Мальчишки постарше держались ближе к кругу. Они подлаживались под взрослых: прятали по одному уху под кепки, с другой стороны выставляли чубы, гоготали басом.
Девки азартно пели частушки, с воем приплясывали, вскидывая головы, — только развевались косынки на шеях. Пыль поднималась выше пояса. Мы сидели в стороне и поплёвывали.
Шурка придвинулся ко мне:
— Мишк, а мы всё же слетаем по шишки, и овечки не помешают.
— Как?
— Заагитируем ещё кого-нибудь в пастухи и попеременно сходим.
Колька, сидевший под другим крылом фуфайки, обернулся.
— Чего это?
— Я говорю — заагитируем кого-нибудь в пастухи ещё и разделимся: одна половина пасёт, вторая — за шишками.
— А кого? — спросил я вдруг и вспомнил: — Саньк, а если этих. — Я высунул из-за пазухи уголок книги.
— «Спаянных кишочков»? — догадался он. — Не получится.
— Почему?

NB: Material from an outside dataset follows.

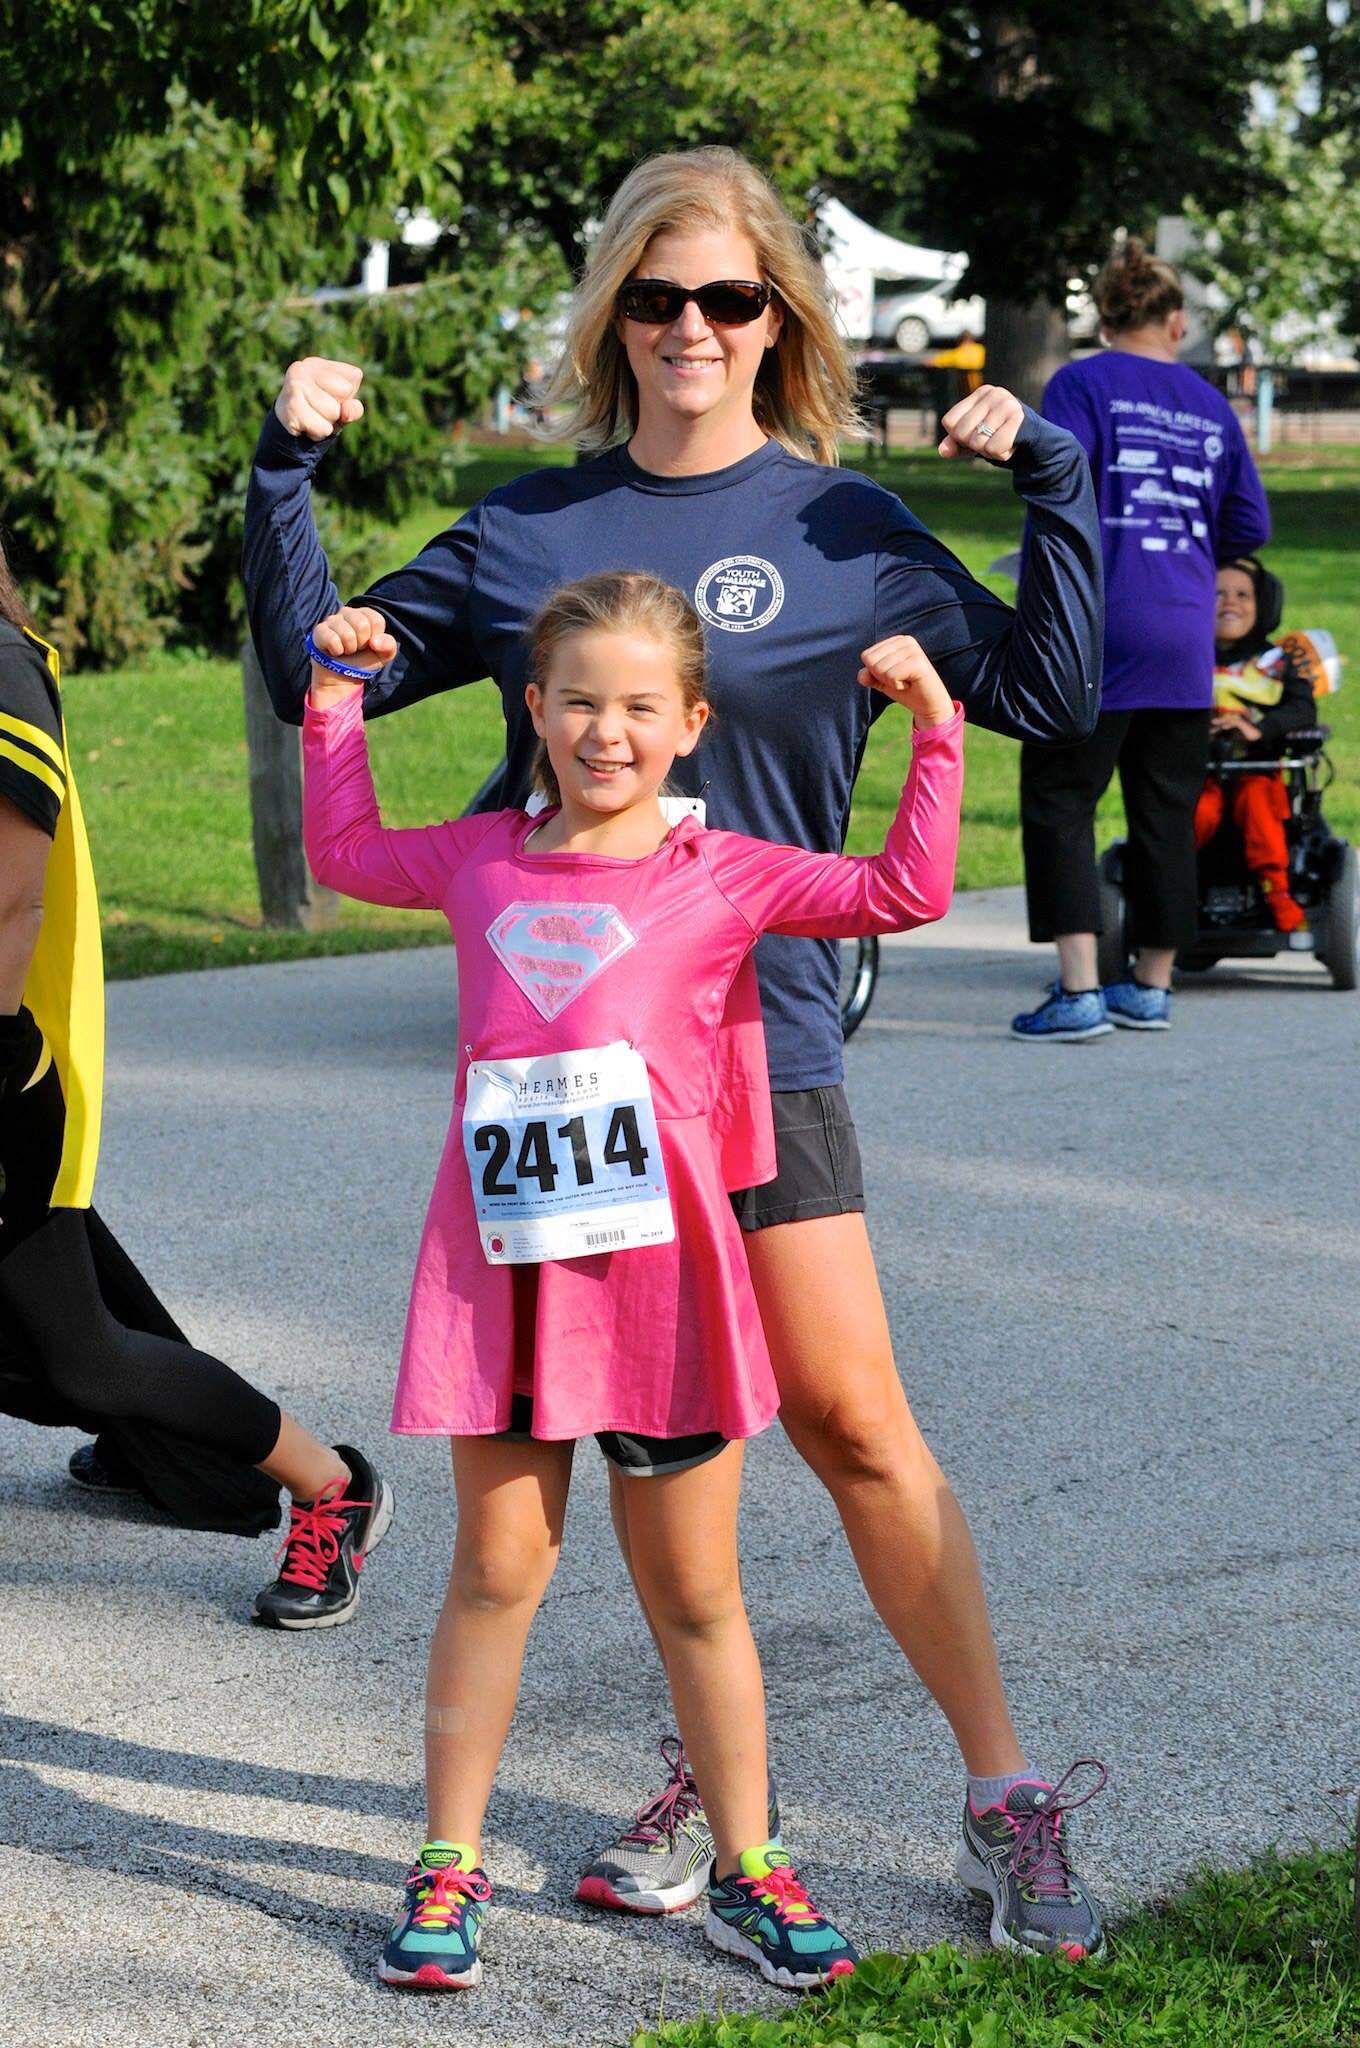 Sharon with daughter Lucy at the YC Superhero Dash.

А вдруг получится!
Шурка задумчиво теребил мочку уха, точно к ней прилипла смола, и пристально смотрел куда-то между моей и Колькиной головой, потом медленно, будто выписывая слова, заговорил:
— По-жа-луй, Петь-ку… Эй, Васьк, где сегодня Петька?
Пискливый голос ответил:
— Петька сегодня запертый сидит. Его в поле возле комбайна поймали, хотел звёздочку из ящика стащить.
Это он, конечно, для гонялки. Если на звёздочку надеть длинную цепь с хвостом, зажать её в расщеплённый конец палки, то и получится гонялка; а если к палке повыше первой приделать ещё несколько звёздочек, то уже будет машина. Везёшь её, как тачку, на одном колесе, а все остальные вертятся, цепь трещит и вздувается горбами — настоящая машина. Вся беда в том, что негде достать эти звёздочки. Тот, кто случайно находил их, считался счастливчиком.
— Вздули Петьку-то? — спросил Шурка.
— Вздуешь его!
— Значит, Петьку, — подытожил наш друг. — Я утречком заскочу к нему.
— Вот уж мы с ним зададим… — разгорячился Колька.
Я промолчал. Петька, конечно, дельный парень… Я думал о Витьке, о Толстом, который с бородой, и о Толстом, который без бороды… Витька, наверное, знает много сказок, а ведь так часто хочется послушать длинную, на всю ночь или на весь день, сказку, хоть про что: про чертей и богатырей, про лисиц и хитрых судей, даже про бабушку и дедушку…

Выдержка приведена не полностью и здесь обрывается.